PROBLEM:
Exact retyping of the data: please keep every word and drop each picture.

------ DATA

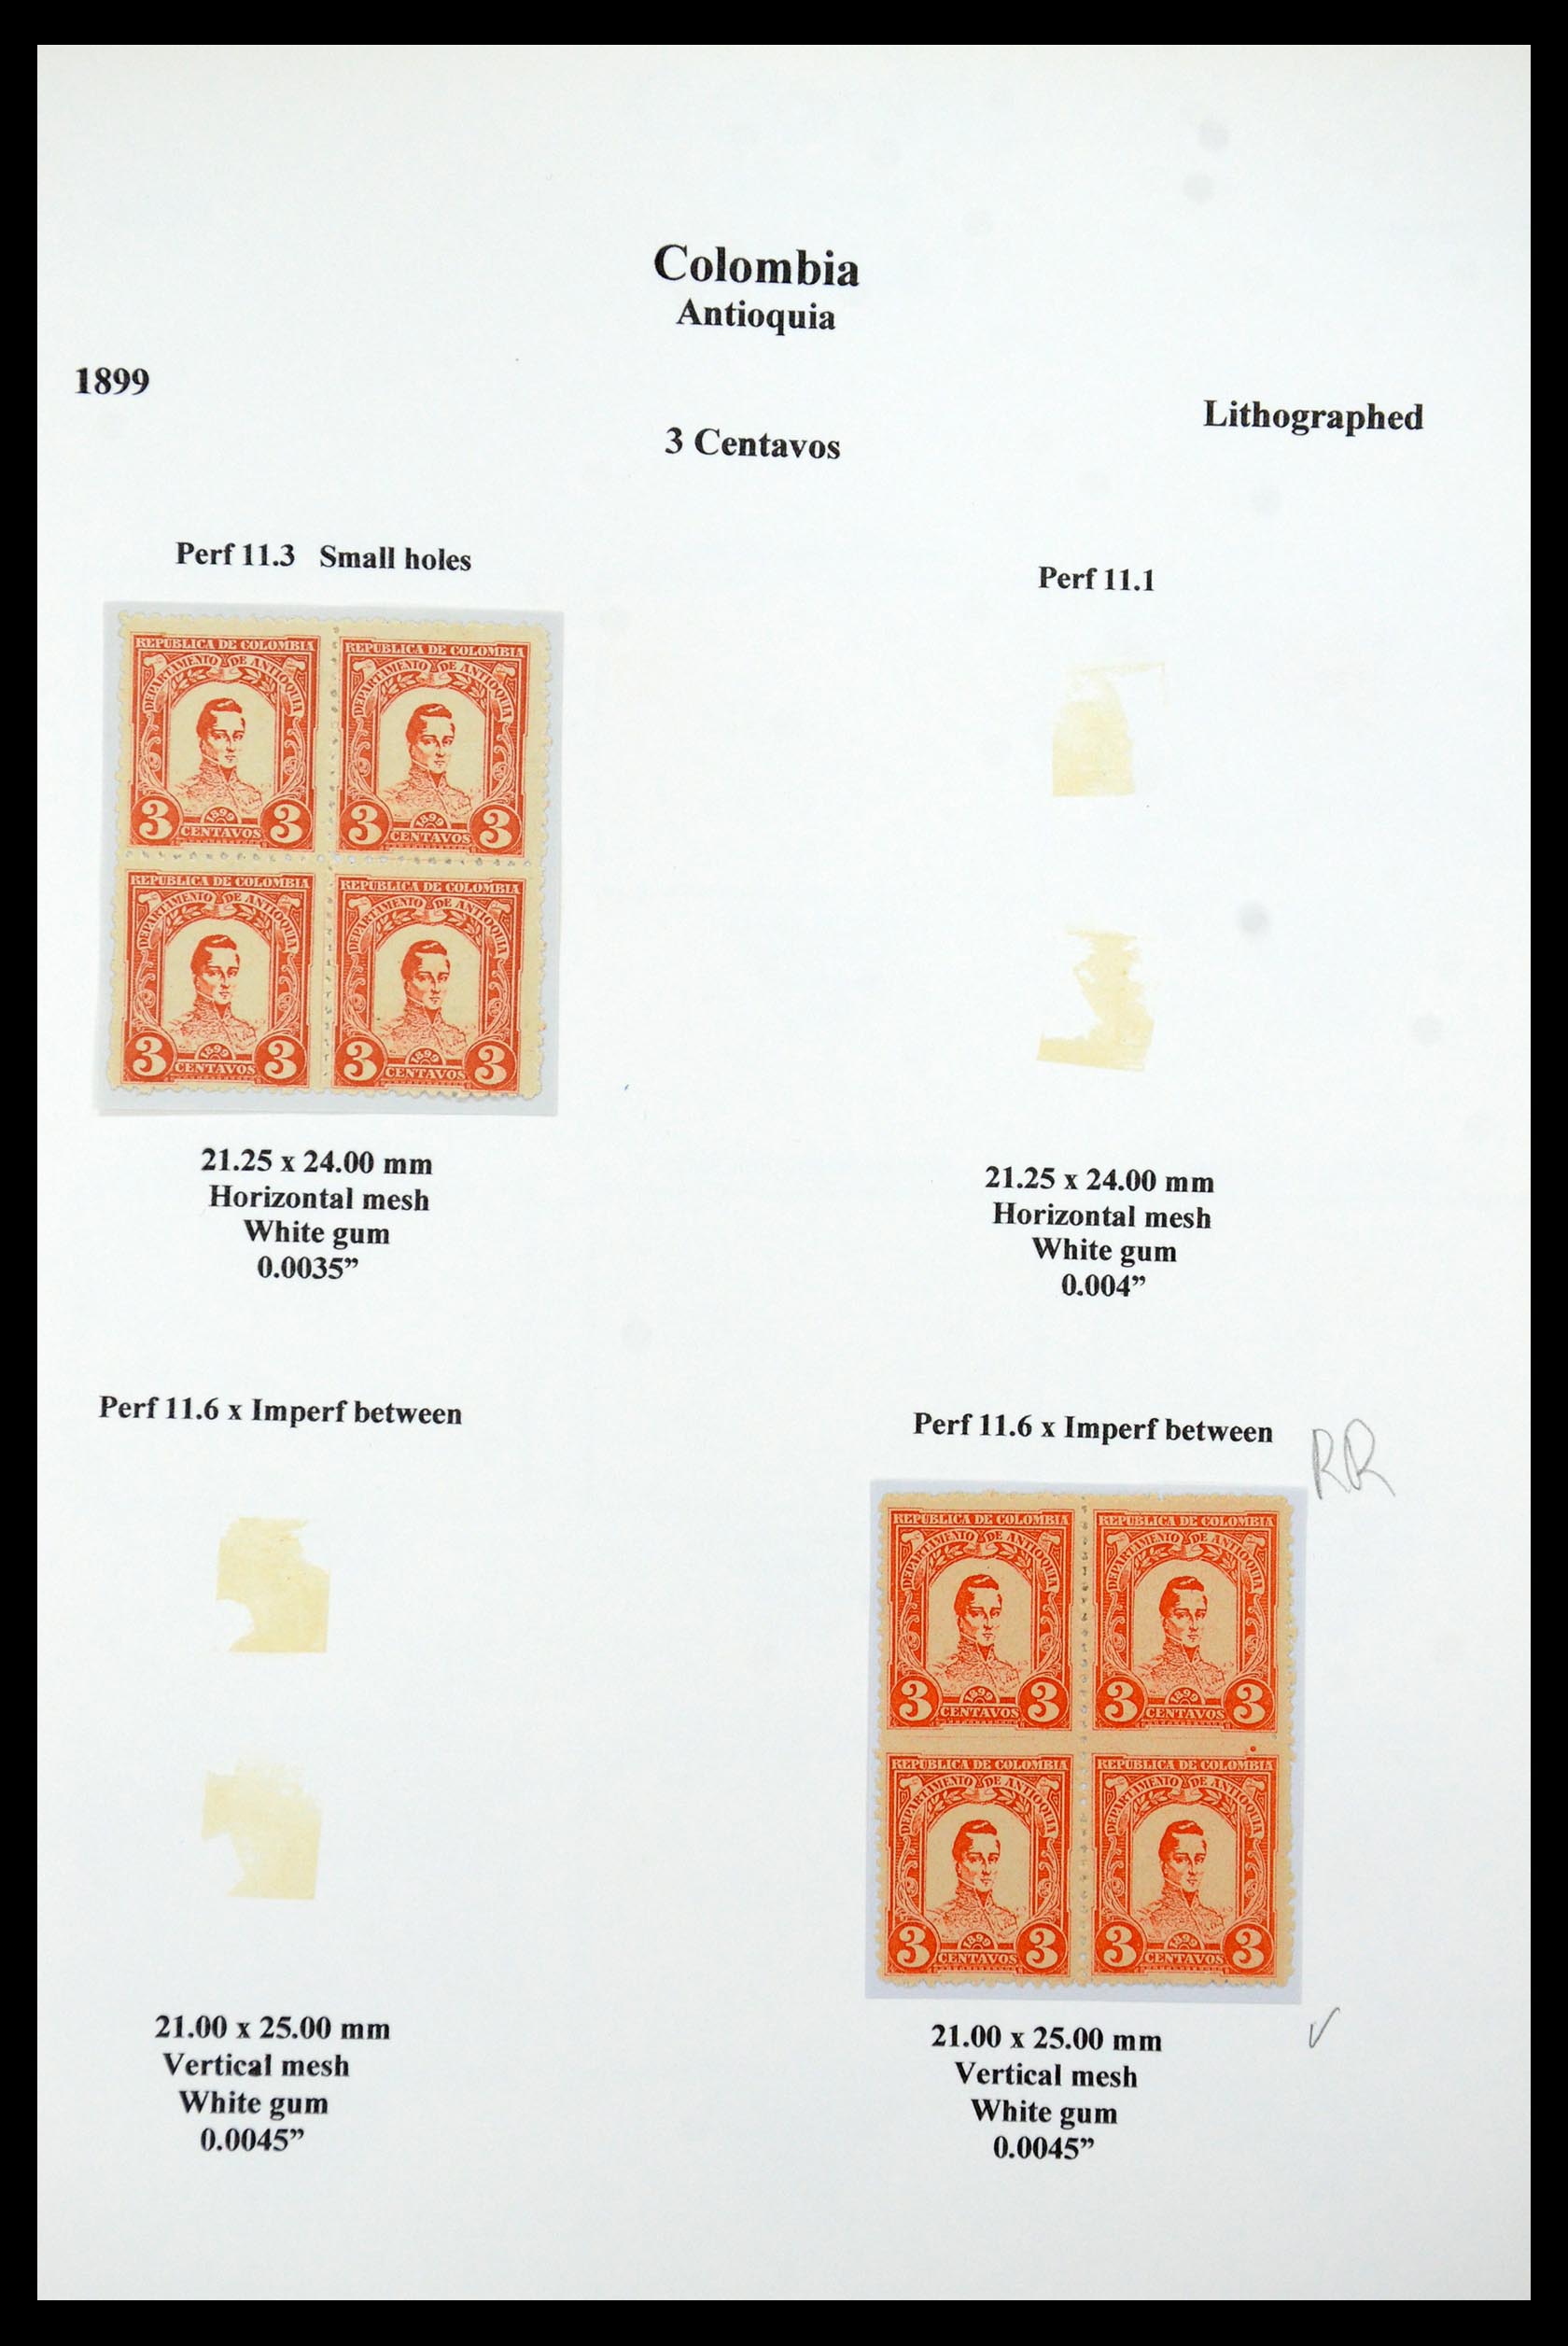 35519 020 - Stamp Collection 35519 Colombia Antioquia 1899.
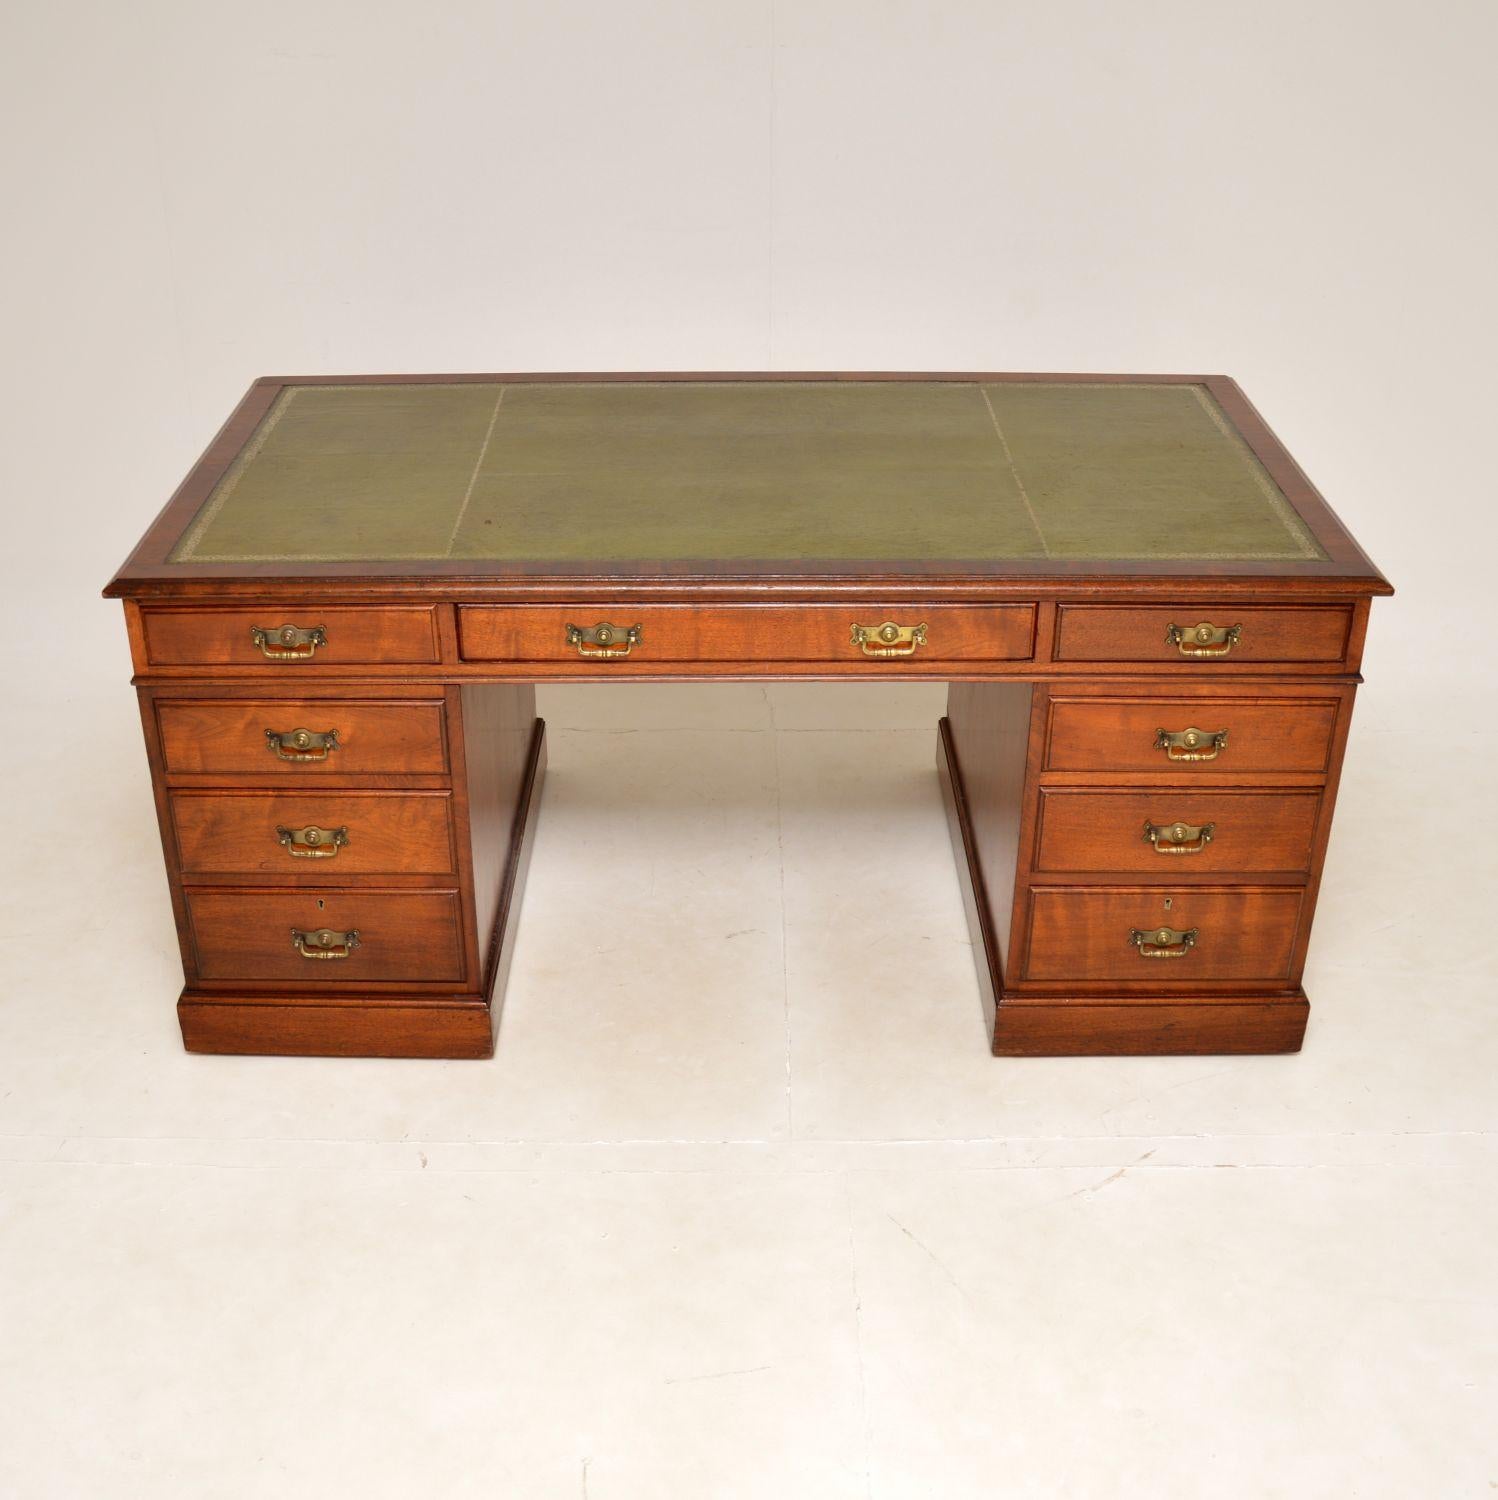 A fantastic antique Victorian partners desk in solid walnut. This was made in England, it dates from around 1880-1900.

The quality is outstanding, this is a large and impressive item. The inset green leather top has a gorgeous colour tone and is
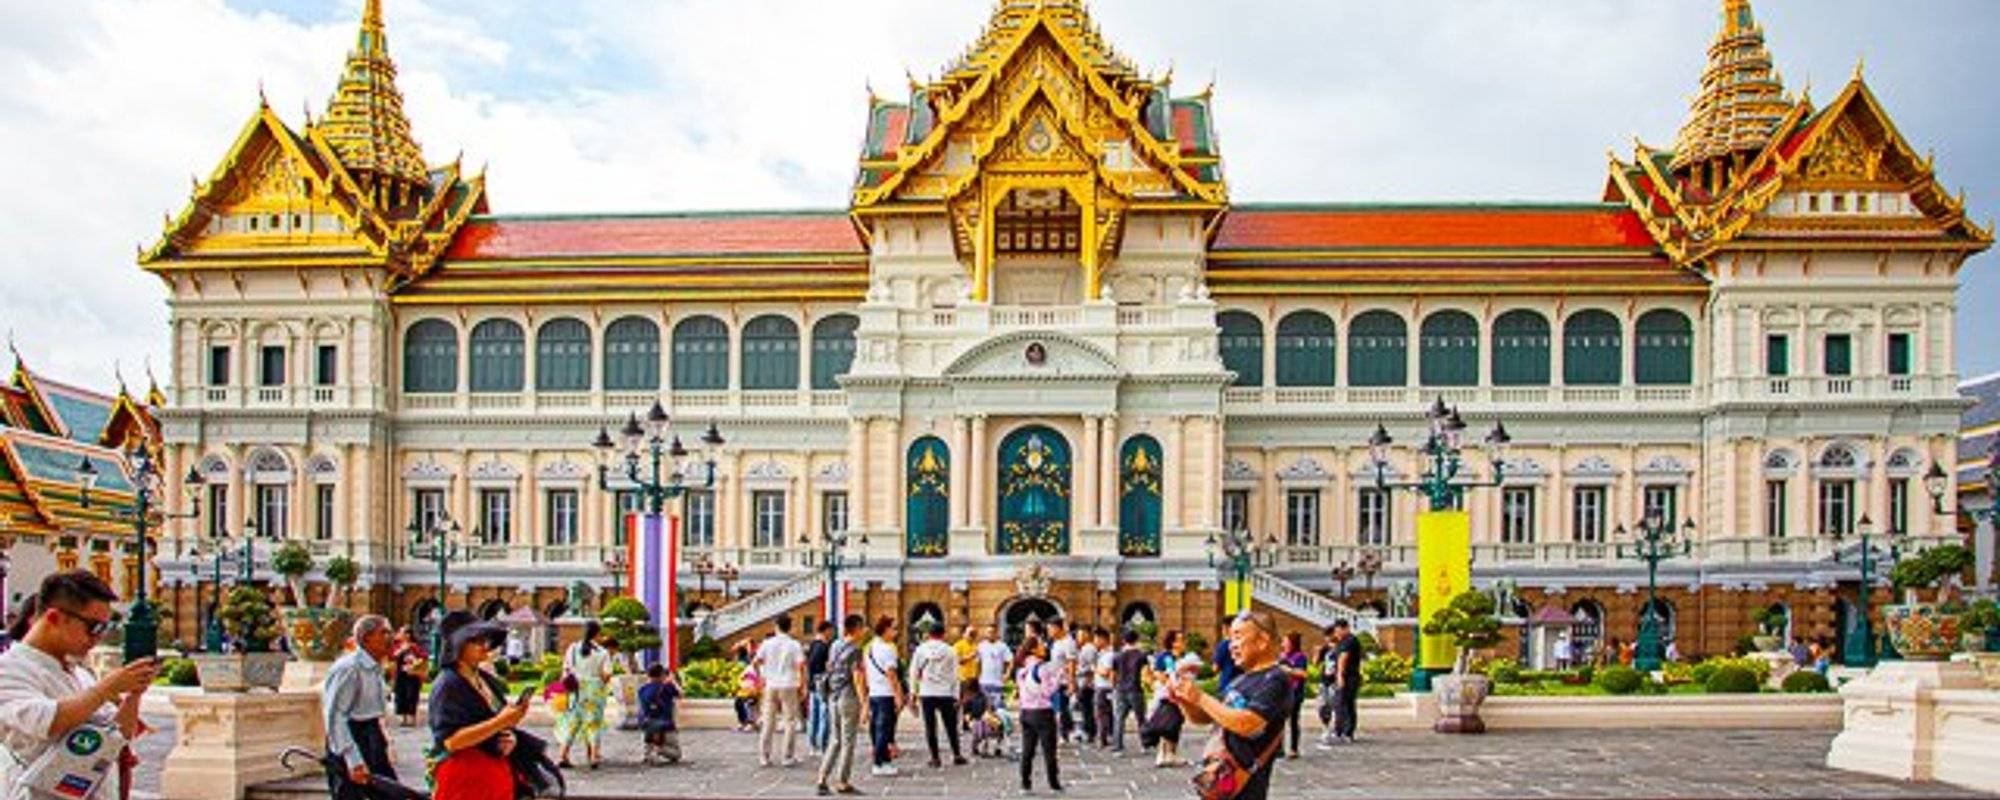 My accidental visit to the Grand Palace complex and the surrounding vicinity.

------------

RESULT:
 35519 020 - Stamp Collection 35519 Colombia Antioquia 1899.
 A fantastic antique Victorian partners desk in solid walnut. This was made in England, it dates from around 1880-1900.

The quality is outstanding, this is a large and impressive item. The inset green leather top has a gorgeous colour tone and is
 My accidental visit to the Grand Palace complex and the surrounding vicinity.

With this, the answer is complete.